Advertisement

THE O.J. SIMPSON MURDER TRIAL : Releasing Fuhrman Tapes Can Solve Troubling Questions

Share

Judge Lance A. Ito should make the Fuhrman tapes available to everyone.

That’s the only way to stop leaks to the media of the most inflammatory portions of the tapes, sound bites that are shaking a community still torn by the Rodney King beating and the 1992 riots.

Provide transcripts, with a nominal fee to cover the cost of reproduction, to anyone interested in former Detective Mark Fuhrman’s stories of racism, sexism and brutality in the LAPD. Do it now, so a study of them can begin immediately by community groups monitoring the LAPD, political leaders, Chief Willie Williams, the Police Commission, the media, scholars and anyone else who is concerned with the department’s performance.

*

The issue was raised Monday in court by Matthew Schwartz, attorney for Laura Hart McKinny, the screenwriter-professor who tape-recorded Fuhrman’s recollections for a screenplay she intended to write.

Advertisement

Schwartz demanded that Ito stop the leaks. The lawyer said his client has “a proprietary interest” in the tapes, obviously meaning they’re worth money to her and their value is cheapened by leaks. In addition, he told Ito the leaks were undermining Ito’s judicial authority since the judge had banned distribution of the tapes, except to himself and the defense and prosecuting attorneys.

Schwartz proposed that Ito permit him to put the reporters on the stand to demand that they name the leakers. “We’ll just bring in a couple of reporters [and ask point blank] ‘where did you get this information.”’ This, he said, would not violate California’s shield law, protecting reporters from naming their sources, because Ito’s order would take precedence.

“This is a total misreading of the shield law,” said Terry Francke, attorney for the California First Amendment Coalition.
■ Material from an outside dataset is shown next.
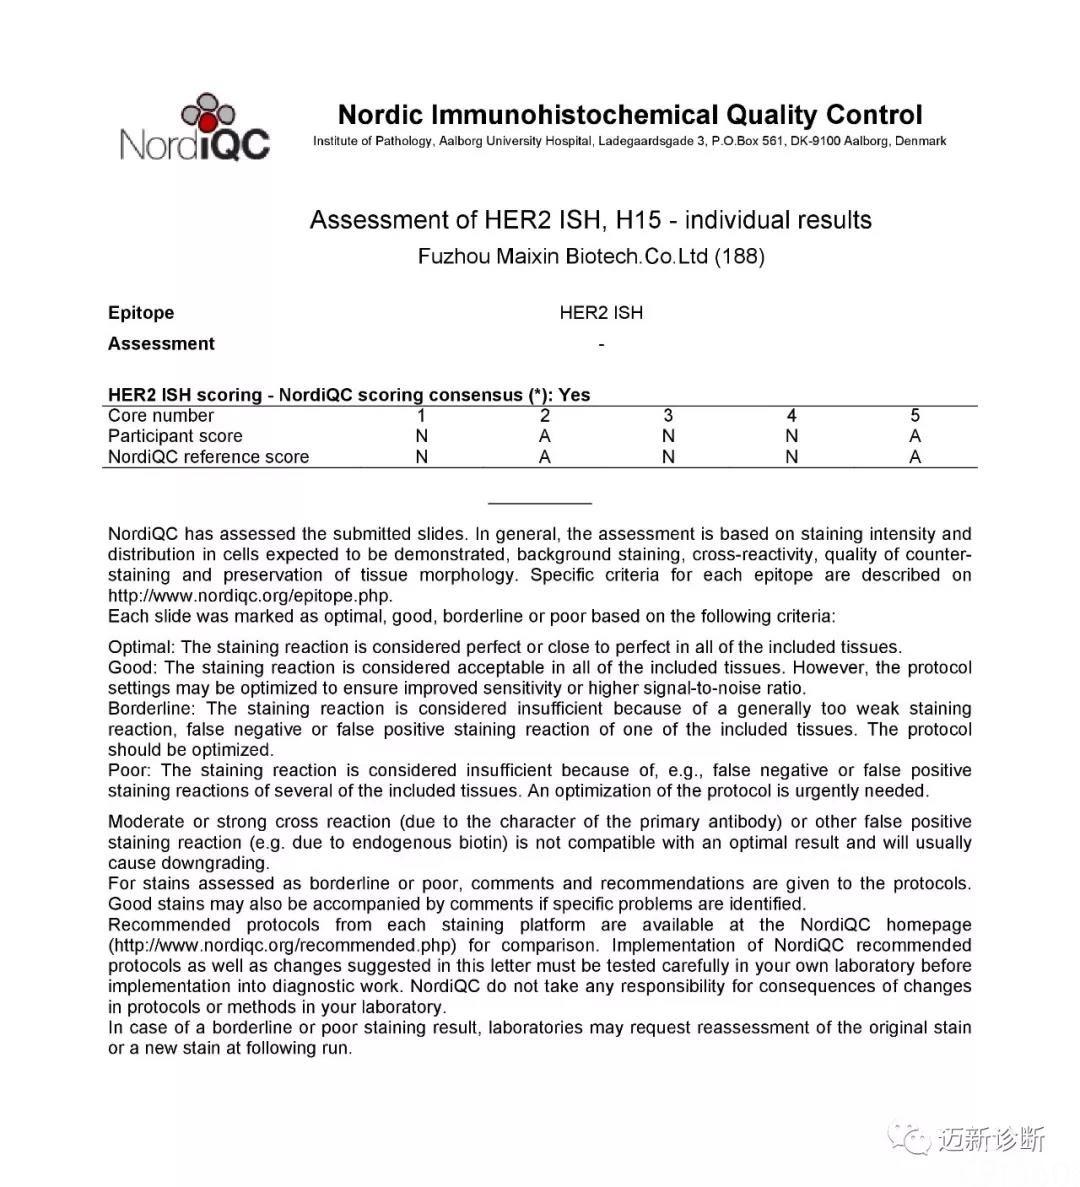 精益求精而臻于至善,迈新在 NordiQC 2019年室间质评活动中再创佳绩

The shield law takes precedence, he said, because “it was put on the ballot and passed by the voters.”

What was disturbing about the courtroom discussion of the tapes was that it was limited to what was happening in the trial, as if this particular courtroom was the world and there was nothing outside.

But to people who worry about L.A., the world beyond the courtroom is the issue. “What is at stake is more important than the case,” said Gerald Chaleff, former president of the Los Angeles County Bar Assn. “If he said this on tape, and it can be checked out, the Police Department can find out if there are officers still working who violated the rules. They might find if there are still pervasive attitudes in the department that we thought we had addressed. It might lead us to ways of finding procedures that would remedy the situation.”

Karen Grigsby Bates, an African American writer and commentator, said the piecemeal leaking of hot Fuhrman tape excerpts are poisoning the shaky relationship between the Police Department and the African American community.

Advertisement

There has been a “fragile rapprochement” between the cops and the community following the beating of truck driver Reginald Denny, said Bates. Blacks rescued Denny from his assailants and he was a conciliatory figure during his recovery.

“People in the community now are saying, ‘This (being a cop) is a rough job, you can’t be Shirley Temple when you do it, but we don’t want you assaulting our kids,’ ” she said. “That feeling is being eroded, like acid corroding something, no matter who is leaking them. The leaks are burning little holes into this fabric of trust.”

*

Opening up the Fuhrman tapes to the community would also relieve the media of a troubling question.

The leaks, said USC journalism professor Ed Guthman, are “inflammatory . . . no question about that.”

He said leaks amount to sound bites without “intelligent context.” We don’t know what preceded or followed the Fuhrman quotes, or the nature of the dialogue between Fuhrman and screenwriter McKinny.

“They put the journalists in a difficult position. They want to do a responsible job of reporting,” Guthman said. “The reporters I know are responsible people, but overriding this is the tremendous attention being given to the trial. They know that if they don’t run what they are getting someone else will. . . . “

Advertisement

Some object that releasing the tapes will interfere with the trial. “It would divert attention from O.J.’s guilt or innocence,” said retired Superior Court Judge Burton Katz. But Douglas Mirrell, a lawyer specializing in press freedom issues, said the trial wouldn’t be affected since the jury is sequestered.

“O.J. Simpson will either rise or fall,” he said. “There will be a verdict or there won’t be a verdict. But confidence in the Police Department and confidence in the officers is an ongoing issue.”

That’s why Judge Ito should let the light shine on Mark Fuhrman’s dark memories.